Still, the hearing continued a conversation about GSE reform that many say is necessary before lawmakers can really sit down and compromise. Policymakers had long been criticized for neglecting housing finance proposals, but the sudden emergence of a legislative debate on the subject has stoked hope of progress.

Following release of the Corker-Warner plan, two other senators — the Senate Banking Committee's chairman, Tim Johnson of South Dakota, and ranking Republican, Mike Crapo of Idaho — announced bipartisan legislation aimed at fixing the FHA's finances. (A draft of their FHA bill was released this week.) Before Thursday's hearing, House Democrats unveiled their must-have "principles" in any resulting plan, including preservation of the 30-year fixed mortgage, assurances that the private sector pays for whatever government guarantee backs up the market, prevention of excessive risk-taking by private lenders and access to homeownership for qualified borrowers.

In a show of collegiality, Rep. Mel Watt, D-N.C. — who earlier in the day was approved by Senate Banking as the nominee to run the Federal Housing Finance Agency, the GSEs' current regulator — praised Hensarling for allowing the debate.

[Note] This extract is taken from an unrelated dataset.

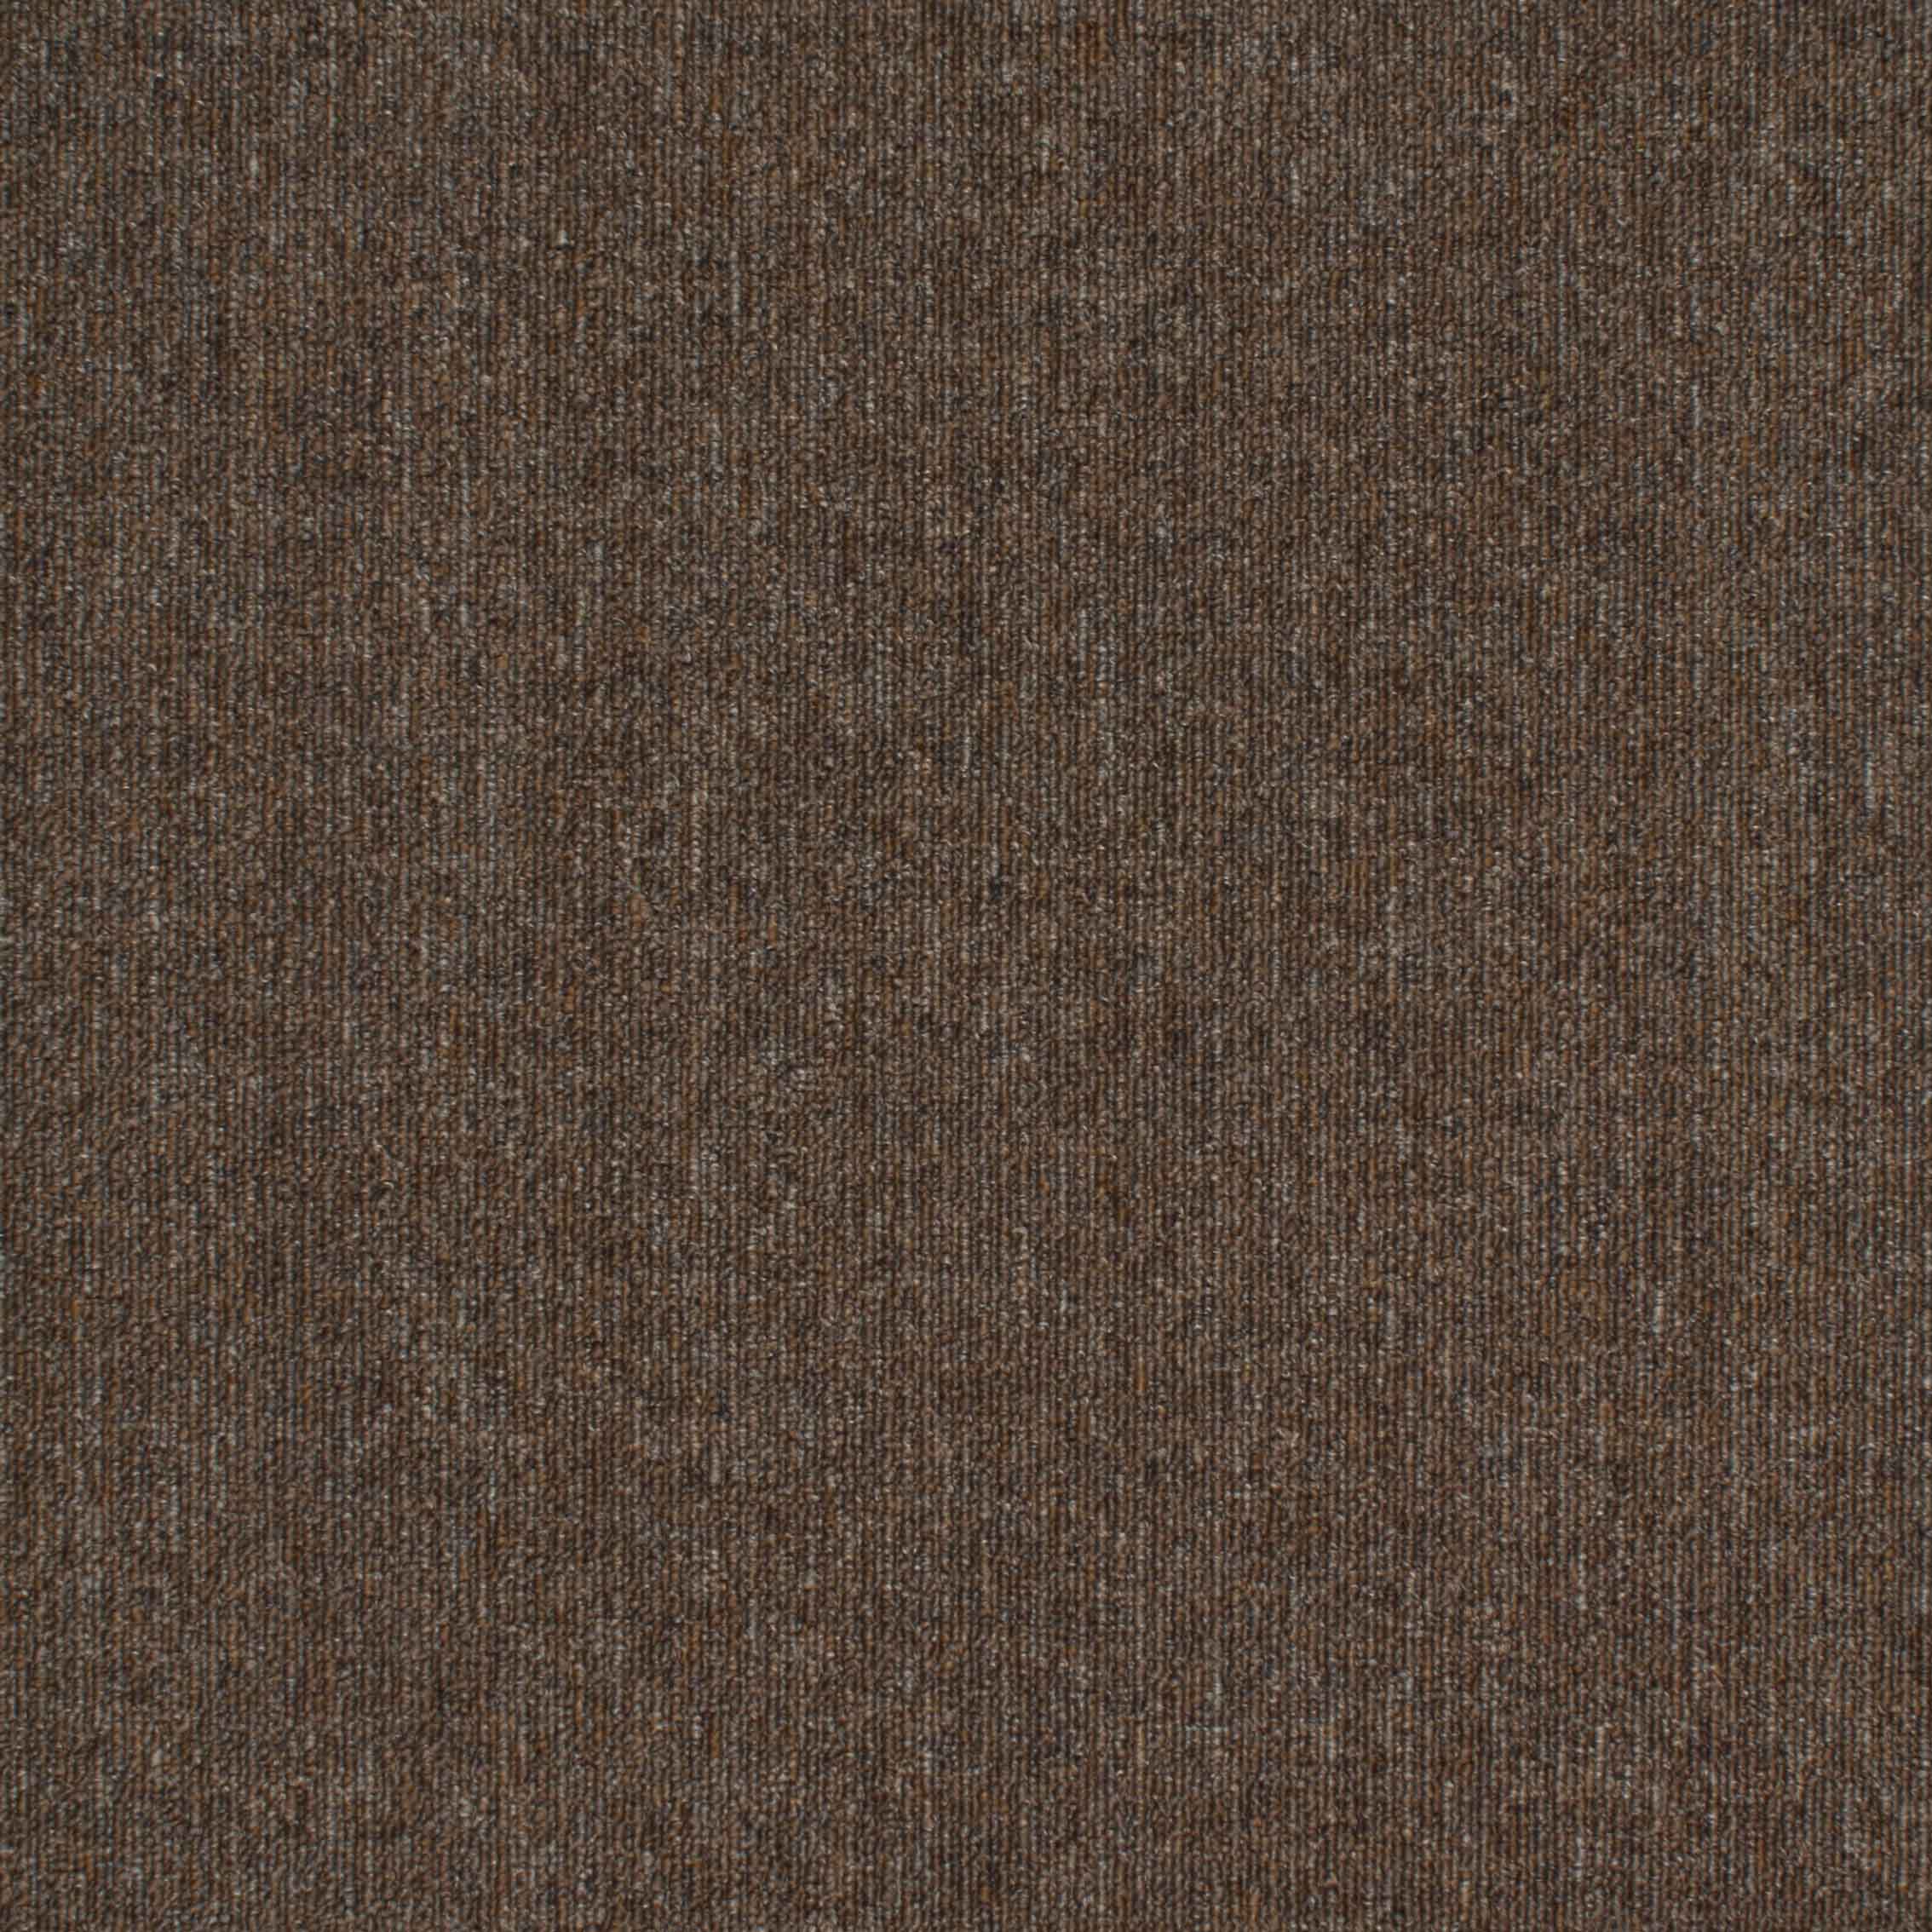 TACK996 Customized Commercial Library Carpet Tiles Factory

"I wanted to take the opportunity to commend the chair for starting this discussion," Watt said.

Yet the hearing also revealed persistent differences among housing experts about how to proceed, as well as reluctance among industry insiders about the Hensarling bill.

"We are keenly interested in how the 'National Mortgage Market Utility' would perform in a live marketplace dominated by large lenders wielding outsized market power," William Loving Jr., the chief executive of Pendleton Community Bank, said in testimony submitted for the hearing on behalf of the Independent Community Bankers of America. "We believe there is uncertainty in this regard and the potential for unintended consequences."

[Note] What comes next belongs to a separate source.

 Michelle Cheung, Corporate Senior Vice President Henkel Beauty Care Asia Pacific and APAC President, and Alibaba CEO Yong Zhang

Meanwhile, outside experts called to testify were divided over the anticipated effects of the GOP-backed legislation, with some saying a stop to the government's major role in the housing market was needed to reinvigorate private capital, and others echoing concerns of Democrats on the panel.

"The legislation being discussed today represents a long-overdue effort to address damaging weaknesses in the U.S. system of housing finance," Douglas Holtz-Eakin, president of the American Action Forum, said in prepared testimony.

But others said the idea of a sustainable mortgage market almost exclusively supported by private investment is unrealistic.

"Despite privatization's ideological appeal, there is a fundamental problem with privatization proposals for the housing finance system: they don't work," Adam Levitin, a Georgetown University law professor, said in prepared testimony. "Fully private housing finance systems simply do not exist in the developed world. Every developed economy either has an explicit or implicit guarantee of its housing finance system, and there is every reason to favor an explicit guarantee, which can be prudently structured and priced, rather than an implicit guarantee."